Finally, presenting a simple intelligence based on the above features, one can address the collective adaptation of a social community to a cultural, environmental, contextual and informational dynamic landscape for the purpose of complex decision making processes – read: three-dimensional mathematical functions that change over time (non-causal 4 dementional decision making processes for you 'high-math' types out there).

Therefore, the super intelligence must be a collective intelligence that is able to cope and quickly adapt to unforeseen situations including those with two different and contradictory purposes – this is the only way we would be able to control it - in a bottom-up manner using the mechanics of human-based logic based on ‘similarity’ – a cognitive term.

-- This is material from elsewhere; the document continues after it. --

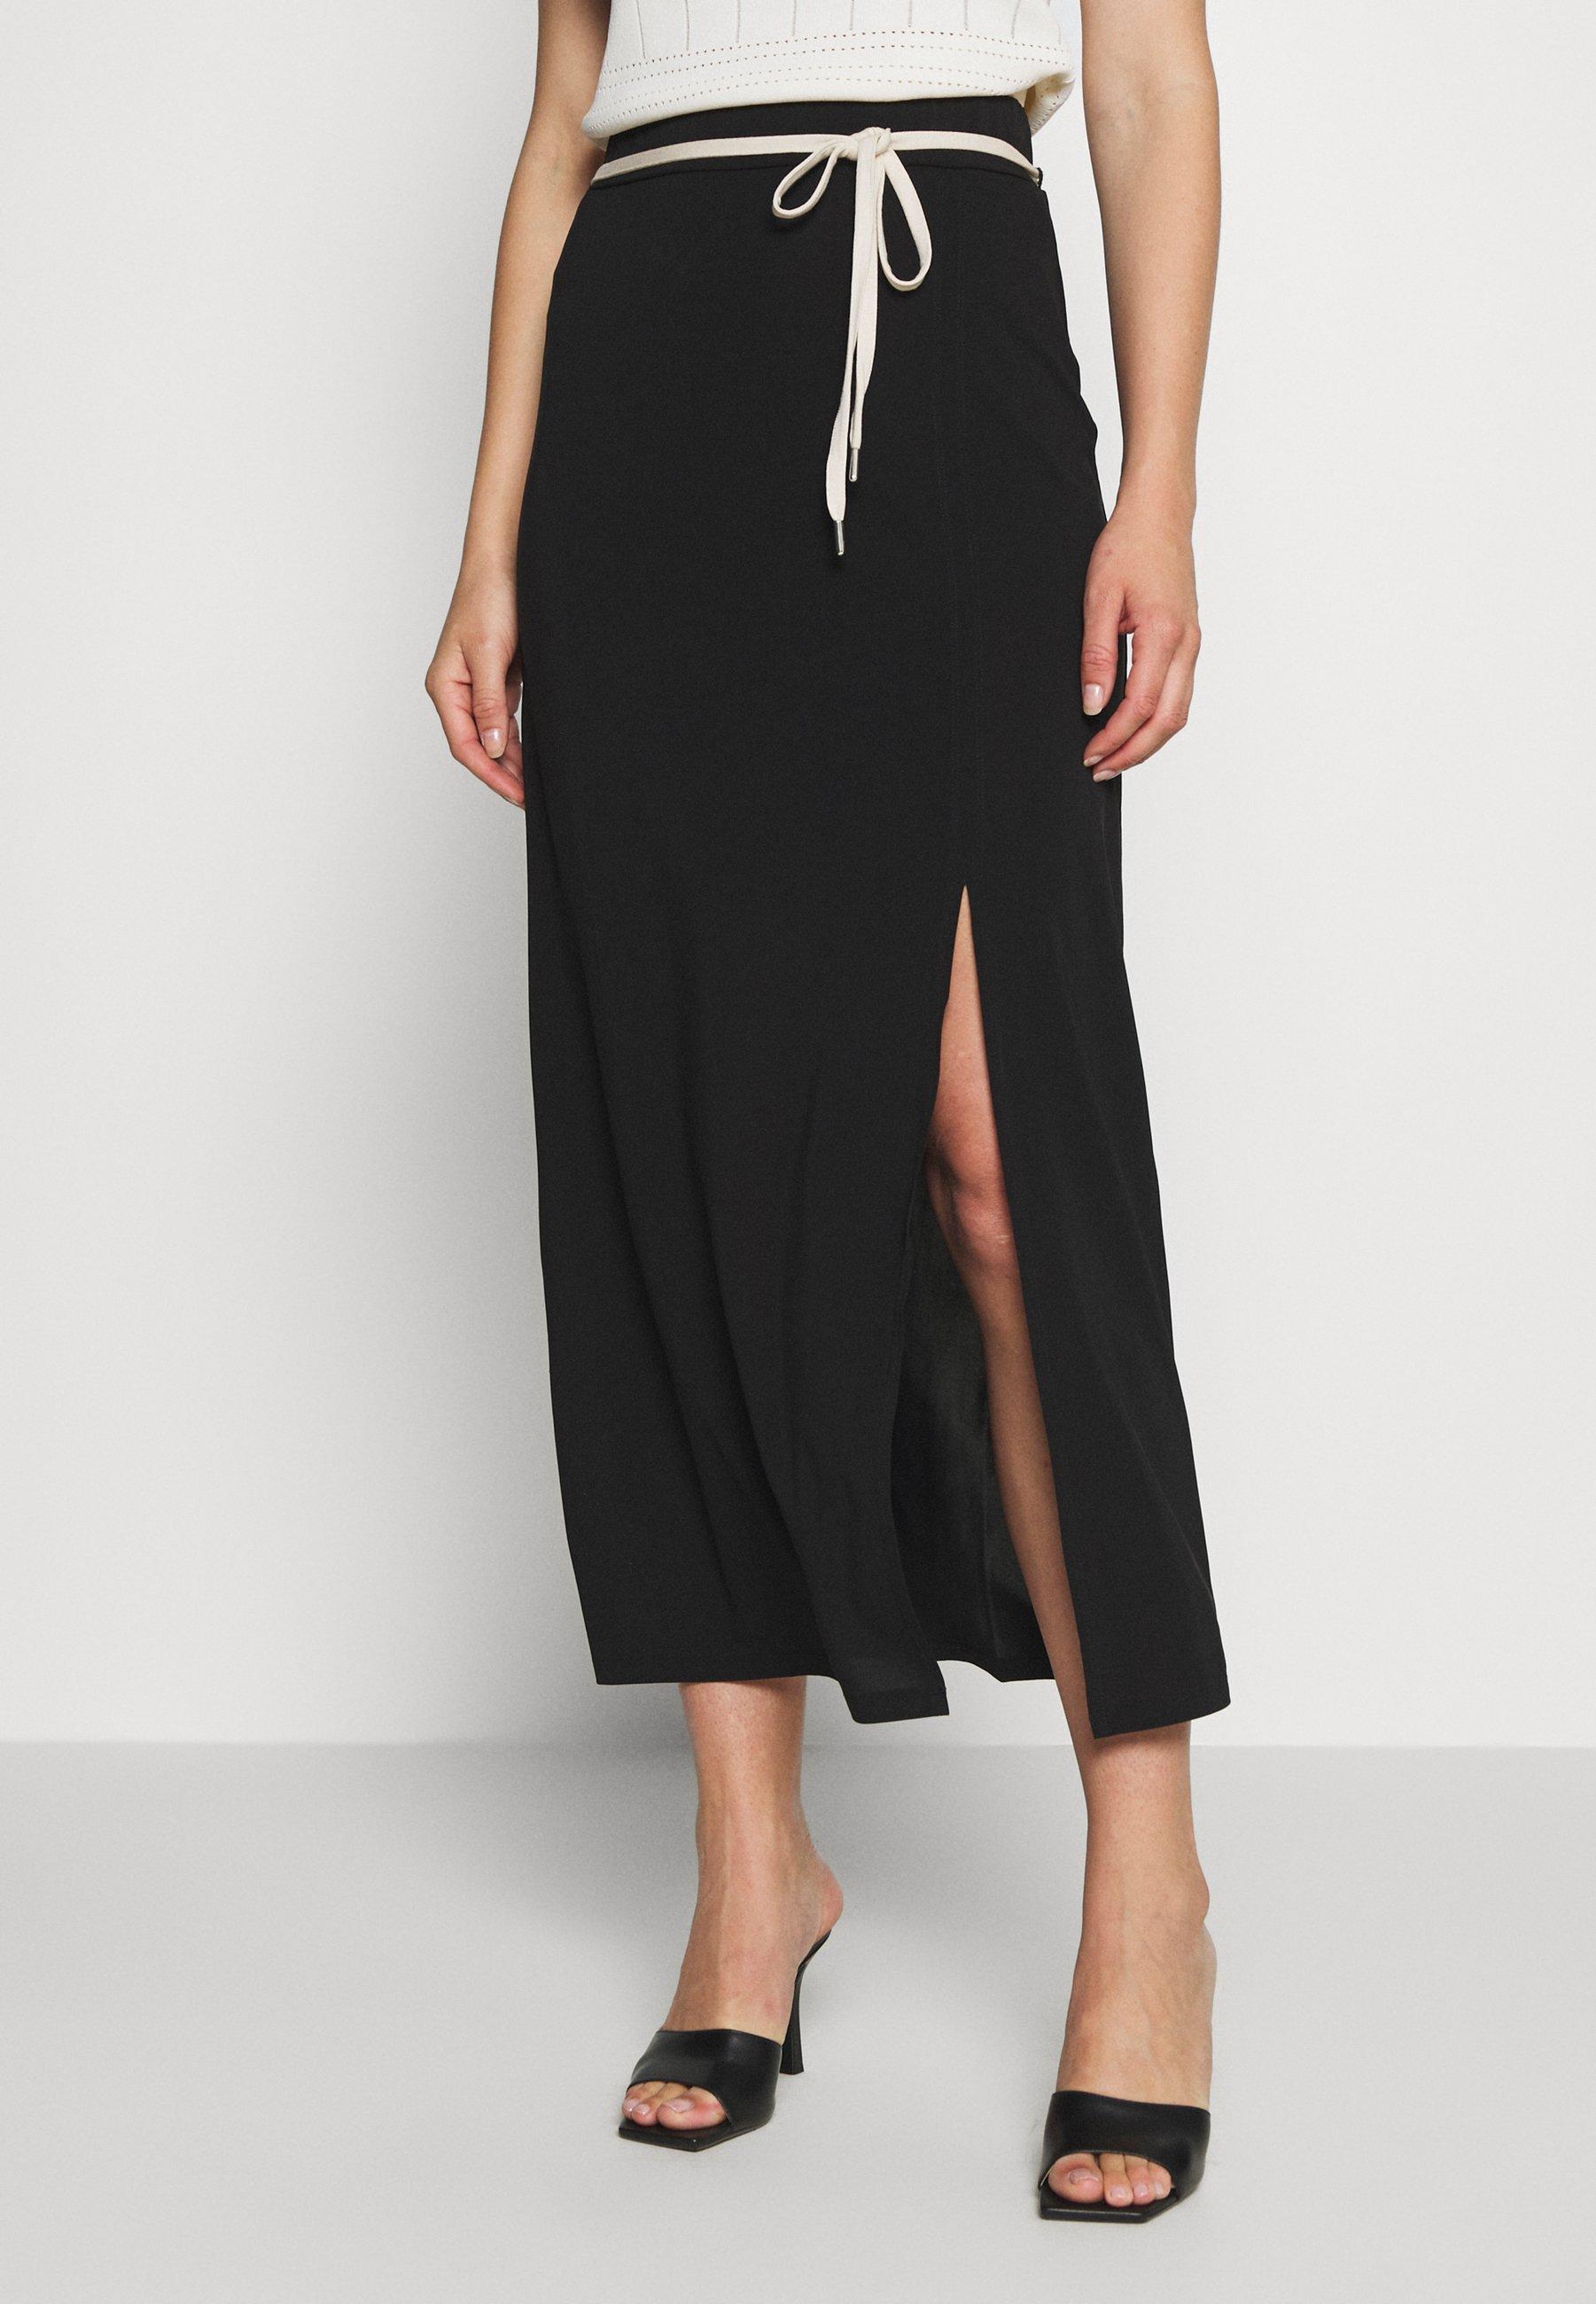 For Cheap Women's Clothing Expresso FERGIE Maxi skirt schwarz snuWNWnGZ

Similarity underlies the fundamental cognitive capabilities such as memory, categorization, decision making, problem solving and reasoning. Although recent approaches to similarity appreciate the structure of mental representations within an AI, they differ in the processes posited to operate over these representations.

Due to this construction, super intelligence would be unrivalled: it would be able to bring about almost any possible outcome and to thwart any attempt to prevent the implementation of its top goal.

It could kill off all other agents, persuade them to change their behavior, or block their attempts at interference. Even a ‘controlled’ super intelligence that was running on an isolated computer, able to interact with the rest of the world only via text interface, might be able to break out of its confinement.

So we’re back at Step 1 - the risks in developing super intelligence include the risk of failure to give it the supergoal of philanthropy - read: NOT to build it so that it serves only a select group of humans but rather the whole of humanity in general.

More subtly, a super intelligence could decide that the state of affairs that we humans might now judge as desirable turns out to be a false utopia in which things essential to human survival may be irreversibly lost.

Given the state of the world today – and how we ‘respect’ humanity in general - that’s not a pretty insight.

Lots to think about.